The Structure Module does not predict coordinates in a single pass. Instead, it initializes all residue frames to the identity transformation—placing every residue at the origin with default orientation—and iteratively refines them through 8 layers of IPA.

Each iteration:

Applies IPA to update per-residue features, using the current frames.
Passes features through a transition (feed-forward) network.
Predicts a small update to each residue’s frame (a rotation and translation).
Composes this update with the current frame.

This iterative approach resembles message passing in a graph neural network. Early iterations establish coarse global topology (“this helix packs against that sheet”). Later iterations fine-tune local geometry (“this side chain points inward, not outward”).

class StructureModule(nn.Module):
    """Structure Module: iteratively refines residue frames
    from identity to the predicted 3D structure.

    Takes the refined MSA and pair representations from the
    Evoformer and produces C-alpha coordinates.

    Args:
        c_s:      single representation dimension
        c_z:      pair representation dimension
        n_layers: number of IPA refinement iterations
    """

    def __init__(self, c_s: int = 384, c_z: int = 128, n_layers: int = 8):
        super().__init__()
        self.input_proj = nn.Linear(256, c_s)  # project c_m -> c_s

        self.ipa_layers = nn.ModuleList([
            InvariantPointAttention(c_s, c_z) for _ in range(n_layers)
        ])

        self.transitions = nn.ModuleList([
            nn.Sequential(
                nn.LayerNorm(c_s),
                nn.Linear(c_s, c_s * 4),
                nn.ReLU(),
                nn.Linear(c_s * 4, c_s),
            ) for _ in range(n_layers)
        ])

        # Predict 6-DOF frame update: 3 rotation angles + 3 translation
        self.backbone_update = nn.Linear(c_s, 6)
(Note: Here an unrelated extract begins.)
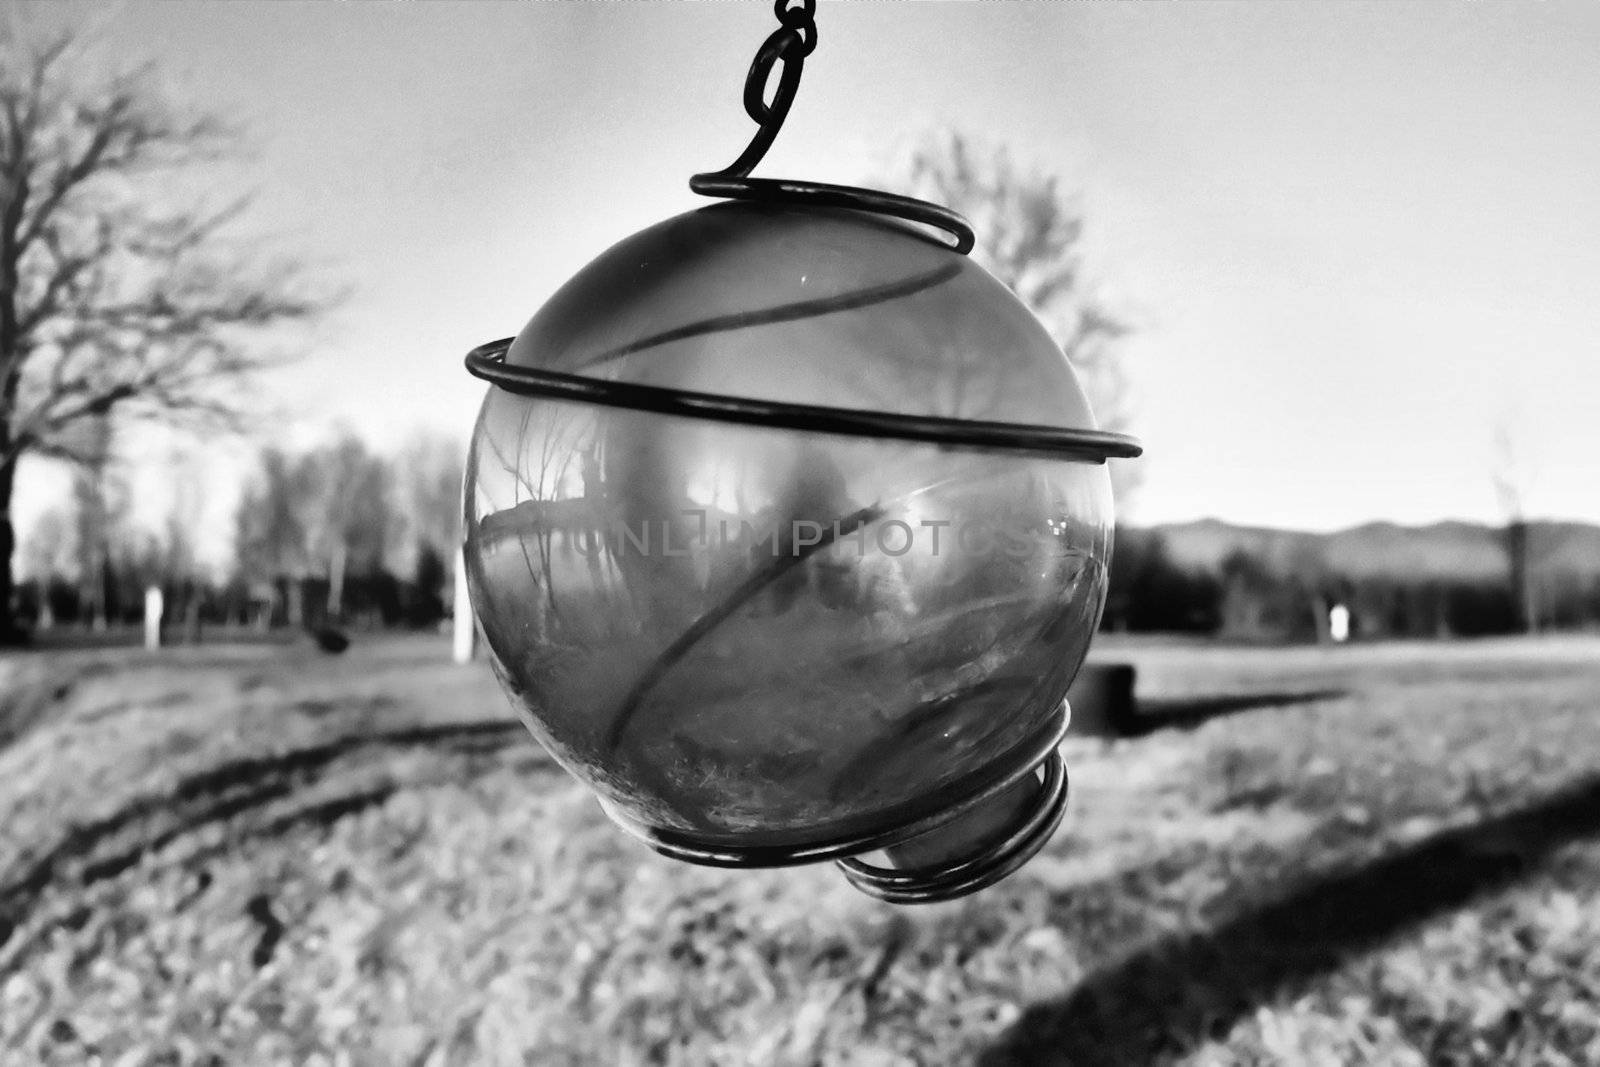 Hanging balll by northwoodsphoto
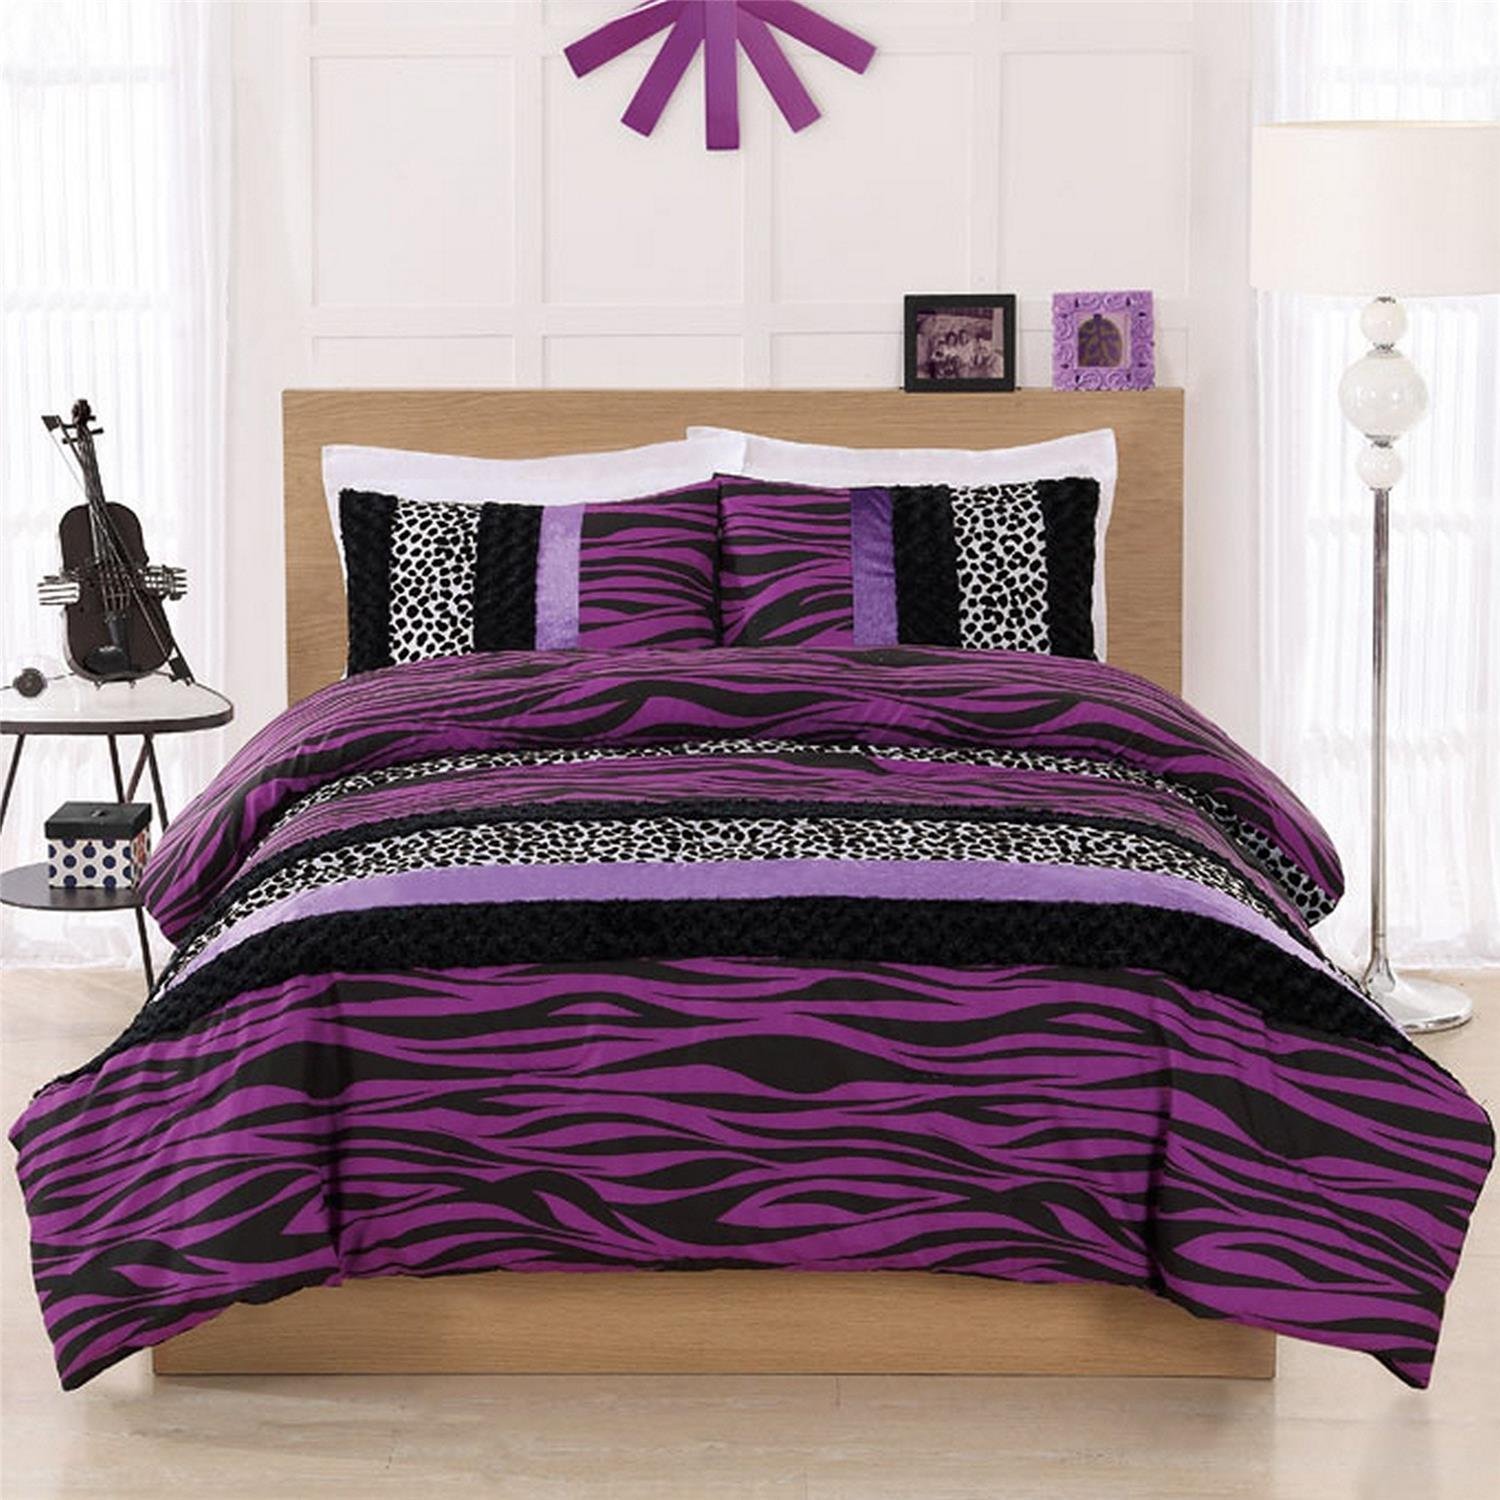 cheetah print and purple bedroom photo - 7

    def forward(self, msa_repr, pair_repr):
        """
        Args:
            msa_repr:  [N_seq, L, c_m]
            pair_repr: [L, L, c_z]
        Returns:
            coords: [L, 3]  predicted C-alpha coordinates
            frames: Rigid    per-residue frames
        """
        L = pair_repr.shape[0]

        # Initialize single representation from first row of the MSA
        # (the first row is the target sequence)
        single = self.input_proj(msa_repr[0])  # [L, c_s]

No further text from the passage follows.